- Opening Delimiter -

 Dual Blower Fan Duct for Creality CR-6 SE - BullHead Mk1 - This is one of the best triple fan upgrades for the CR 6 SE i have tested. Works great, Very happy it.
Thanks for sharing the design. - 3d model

- Closing Delimiter -
- Opening Delimiter -

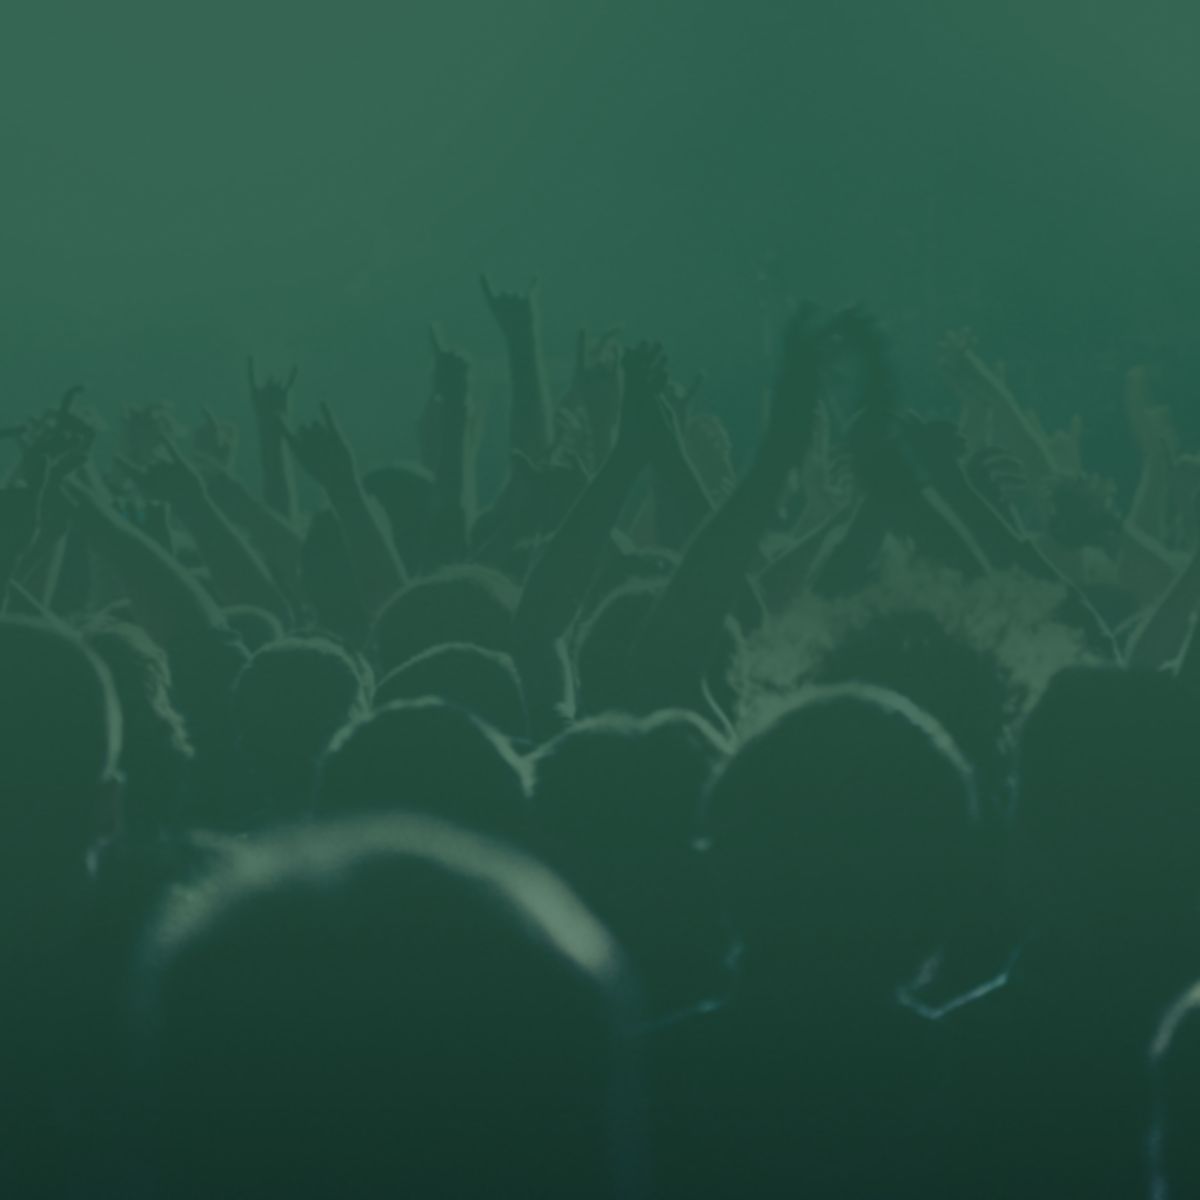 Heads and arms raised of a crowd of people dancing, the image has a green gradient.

- Closing Delimiter -

## Exercise instructions
Among the lines above, repeat exactly those from the line with "Dual Blower Fan" to the line with "Thanks for sharing the design. - 3d model", counting both ends.

## Task result
 Dual Blower Fan Duct for Creality CR-6 SE - BullHead Mk1 - This is one of the best triple fan upgrades for the CR 6 SE i have tested. Works great, Very happy it.
Thanks for sharing the design. - 3d model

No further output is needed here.